Wednesday, August 14, 2013

Hometown


Bayou La Batre, Alabama

Chapter One

There are all sorts of unflattering things I could say about my hometown. I know because I've practiced. You might even say it was my major course of study during my high school years.

Eventually I graduated and, finally, had the whole world in front of me and no obligations to hold me back. So, naturally, I immediately married a hometown boy with family ties deep enough to be genetically suspect.

It was not at all unusual to be in the Walmart with Gary only to find that every single person in the store was a relation of some sort or another. With no living family to speak of and only one half of one generation residing below ground, you can imagine how thrilled his family was to add me to their tree. When we got married, Gary's mother, Irene – an aggressively thin woman with hard gray eyes – told me that their family bible had been lost during hurricane Frederick, but I'd always suspected she'd hidden it rather than add my name to that most sacred of genealogies. That was actually fine with me, since I have terrible handwriting and never had developed a satisfactory trademark signature.

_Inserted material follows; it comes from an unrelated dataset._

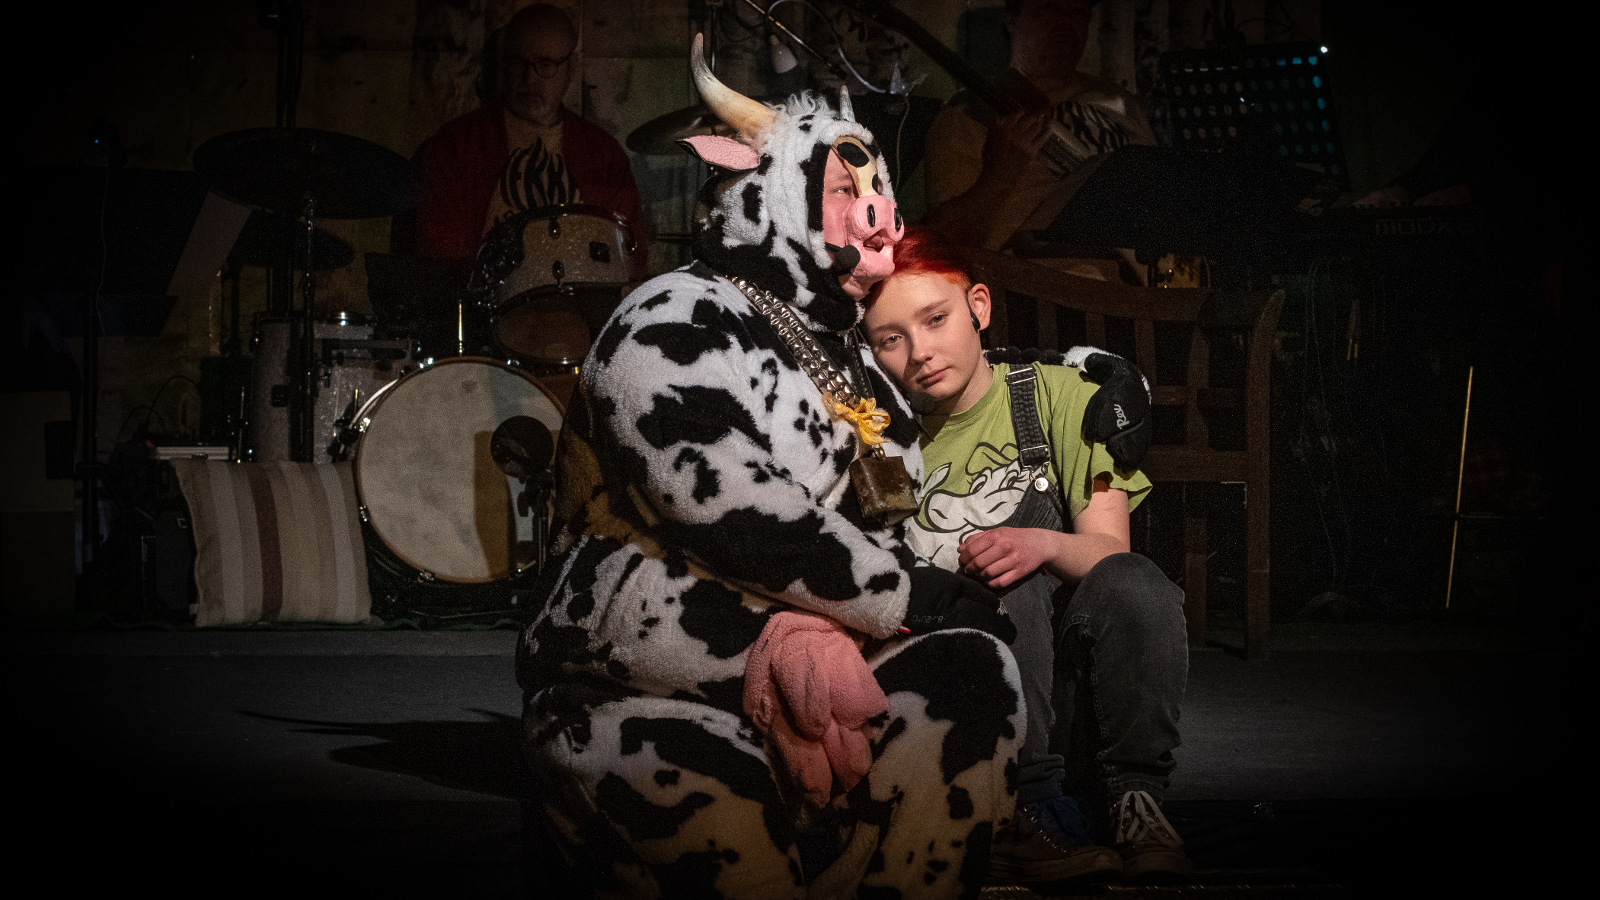 Kuvassa on istumassa musta-valkoisessa lehmäasussa oleva näyttelijä ja häneen nojaa nuori tyttö vihreässä paidassa. Tausta on tumm ja valaistus kohdestuu heihin.
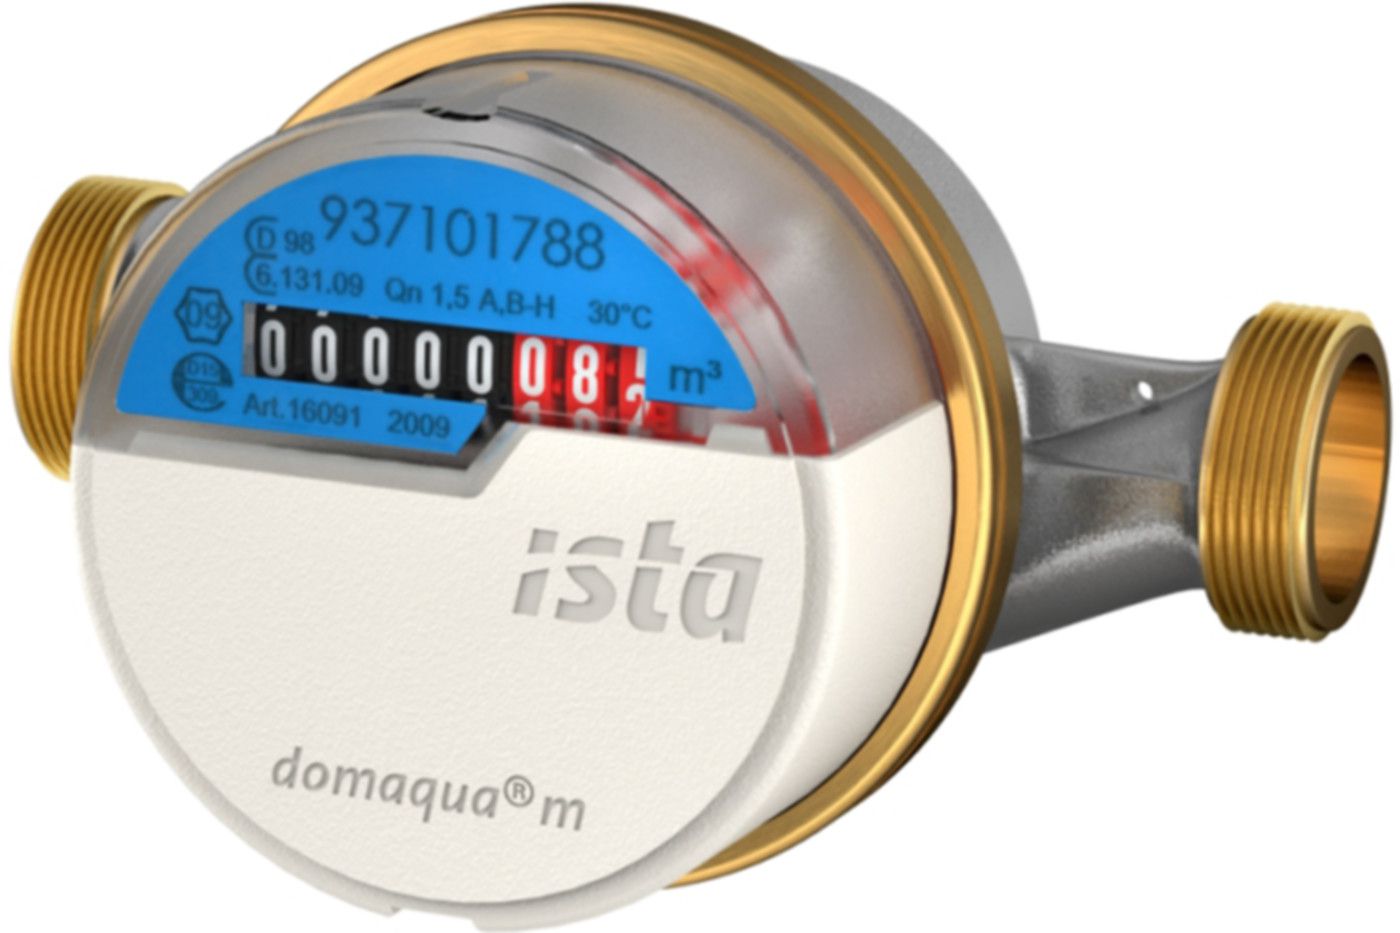 Aufputzzähler Domaqua m DN 20 3/4" G 1" - 130 mm warm 2.5 m3/h  16097 - ISTA - Wärme- / Wasserzähler

Everyone suspected that I was pregnant when we made the announcement (complete with short engagement period) about a week after I graduated, and my size did little to dispel that rumor. It was Mrs. Harris, my friend Jolene's mama, who convinced me to lose weight before the big day. She said that my wedding photos were the most important pictures I would ever have taken so it was important to look as much like the movie stars in the magazines as possible. She's a hairdresser and has been married three times, so has a lot of experience with weddings.

For the six weeks before the wedding I worked my ass literally off and, on the big day, I managed to close the zipper of that size twelve dress. It was the thinnest I had ever been. I thought my improved appearance might help ingratiate me with my stick-thin mother-in-law-to-be, but instead she'd been horrified by each dropped pound. My decreasing waistline could only mean that I was not, as she suspected, knocked up. Gary was not marrying me out of some noble, if misguided, sense of duty or responsibility. He had, as she saw it, simply settled.


Get your copy of Hometown today from Amazon.com

Wednesday, February 6, 2013

If My Life Were A Reality TV Show

When I was a child, my parents would often find me delivering a monologue to my stuffed animals, the bathroom mirror, a blank wall, etc. When asked what I was doing, I'd explain that I was “addressing my home viewing audience.” This was in the late 70s/early 80s, before the prevalence of both Reality TV and juvenile psychiatric medications. And, yes, my parents are saints for having put up with me.

However, as the years have passed and with “Reality TV” now a reality, I've had to face the fact that I'm much less interesting than when I was five and that my adult life yields few “must see” moments. I rarely walk around my house in full makeup and heels. José Eber has never come over to do my hair. Movie stars and professional athletes don't drop by to drink and dish. I have no secret children/spouses/identities. I'd never waste good (or even bad) wine tossing it in someone's face. I cannot sing and will not eat bugs.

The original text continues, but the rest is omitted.